Return the whole listing unchanged. Drop the images.
GIVEN MATERIAL: Begin
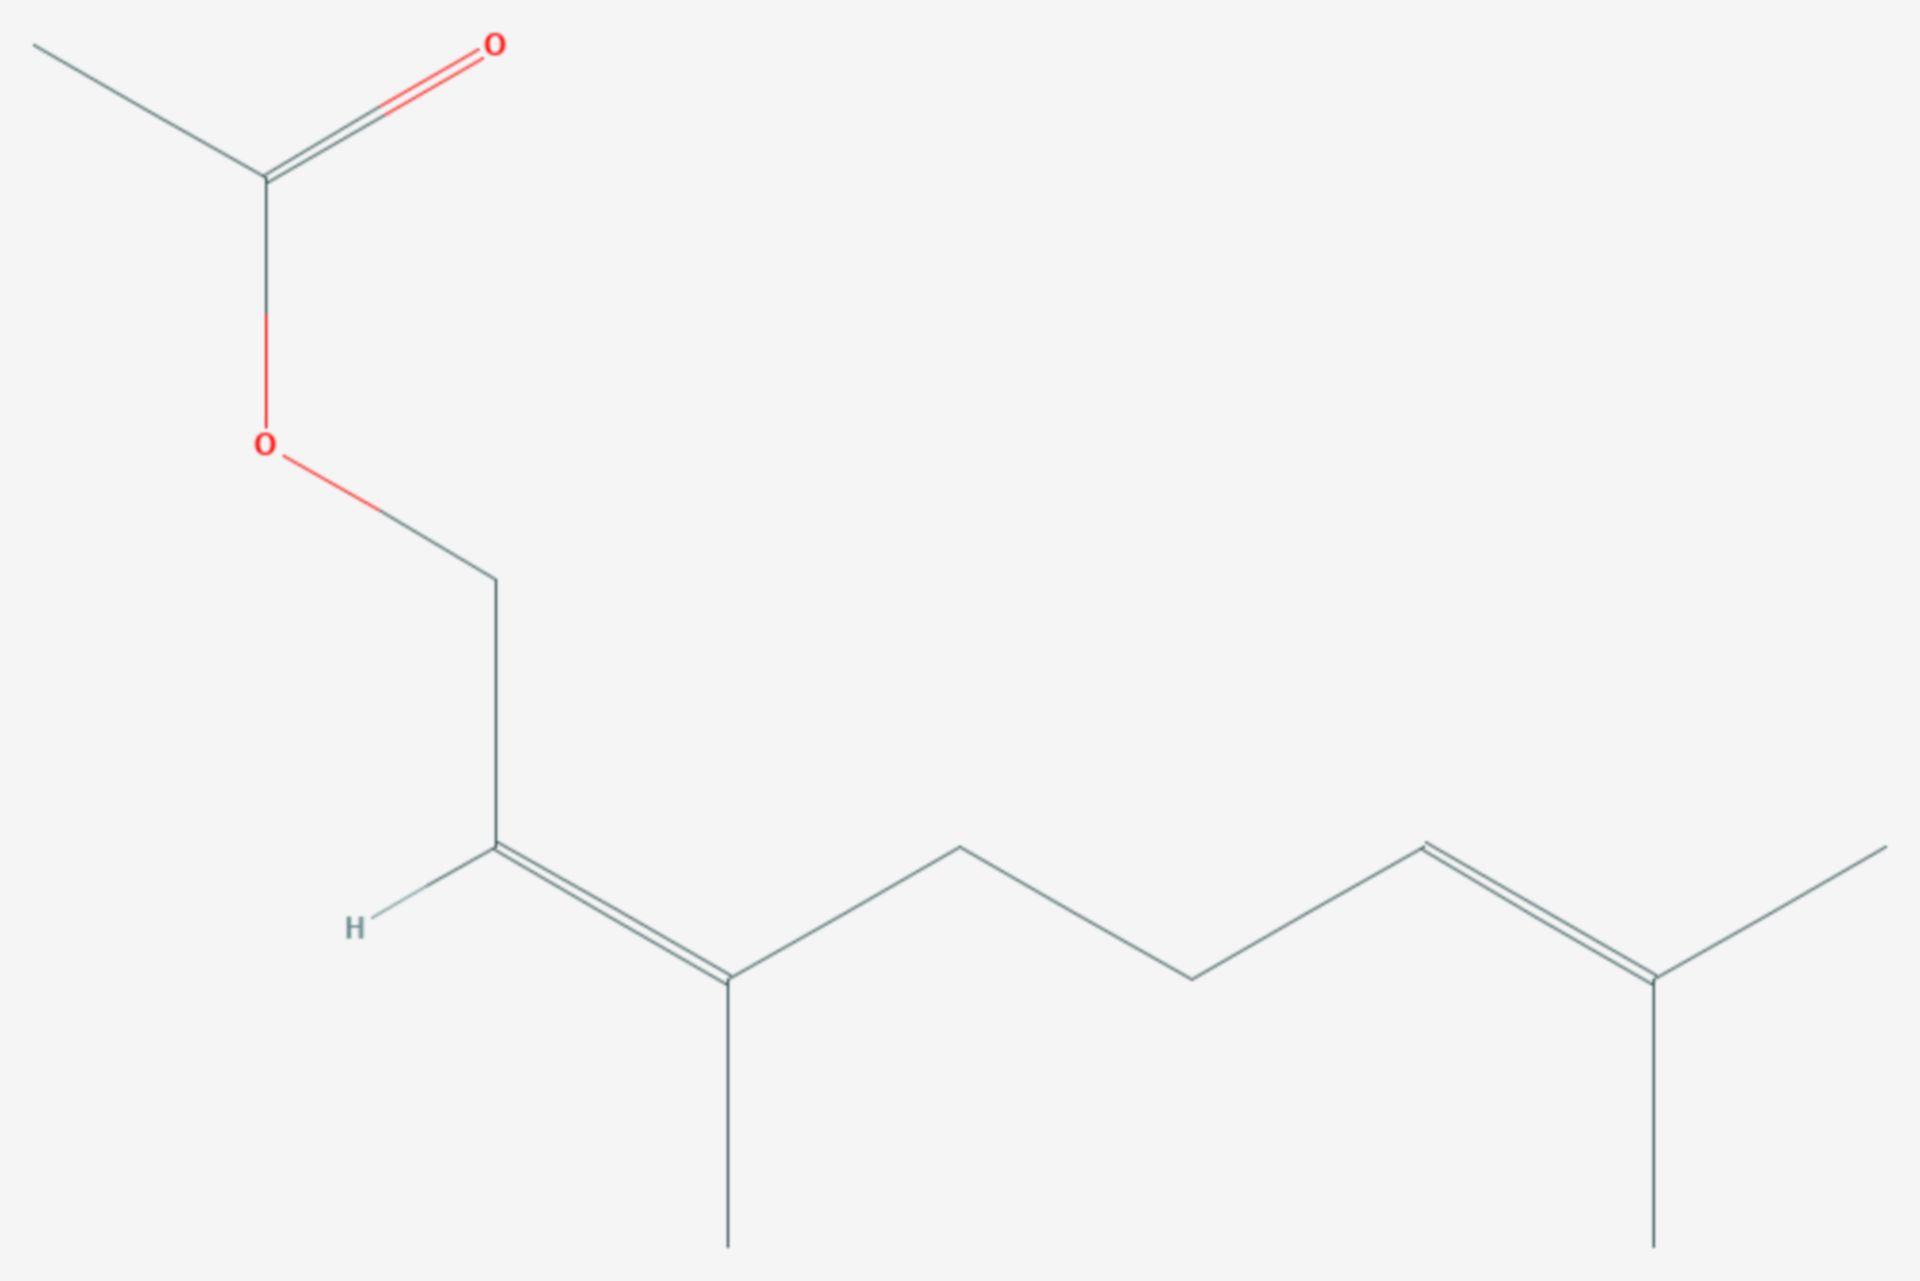 Essigsäurenerylester (Strukturformel)
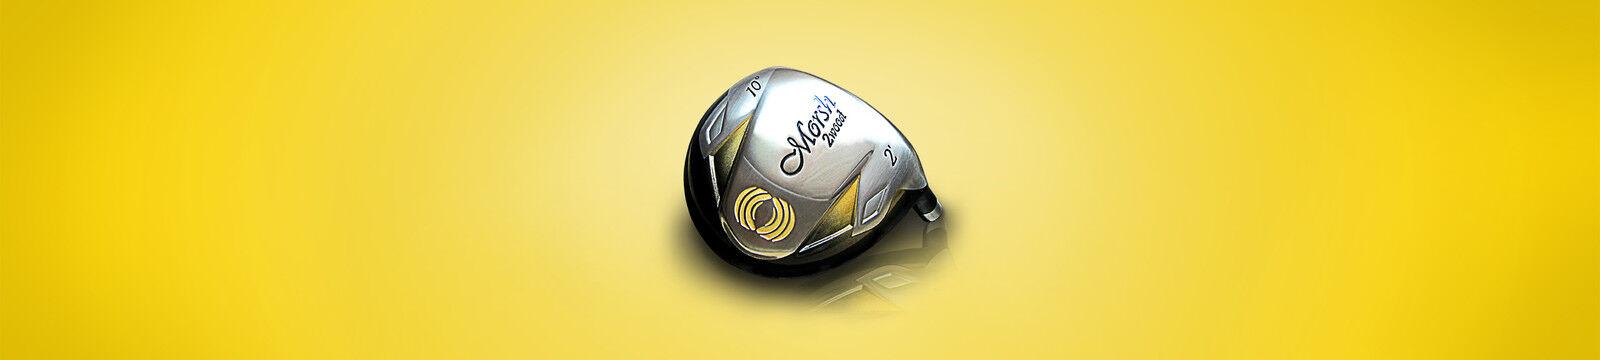 Morsh Golf
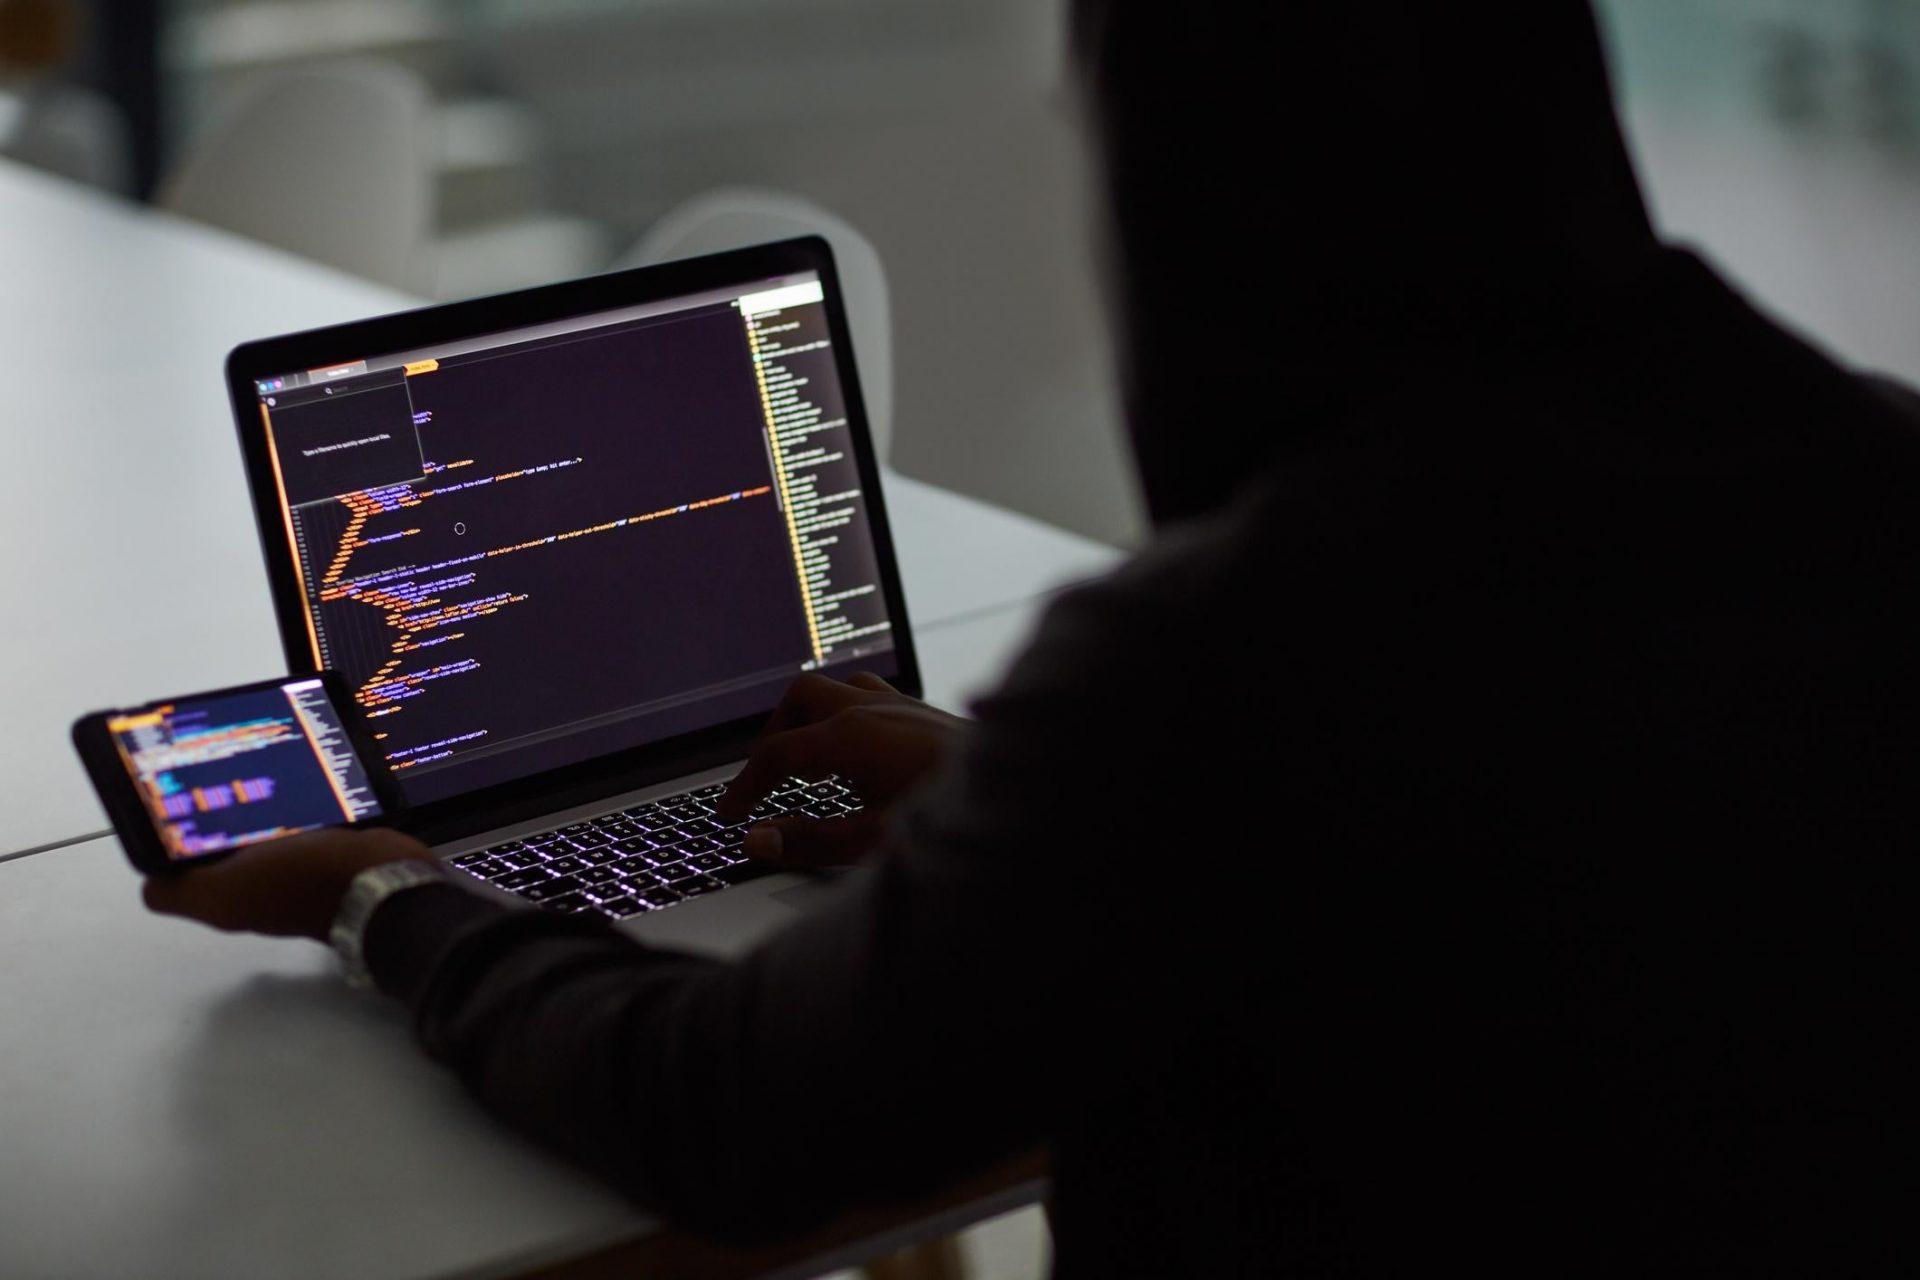 O companie de spyware, investigată de autoritățile germane. Ar fi vândut ilegal tehnologie de supraveghere Turciei
GIVEN MATERIAL: End
- ANSWER
 Essigsäurenerylester (Strukturformel)
 Morsh Golf
 O companie de spyware, investigată de autoritățile germane. Ar fi vândut ilegal tehnologie de supraveghere Turciei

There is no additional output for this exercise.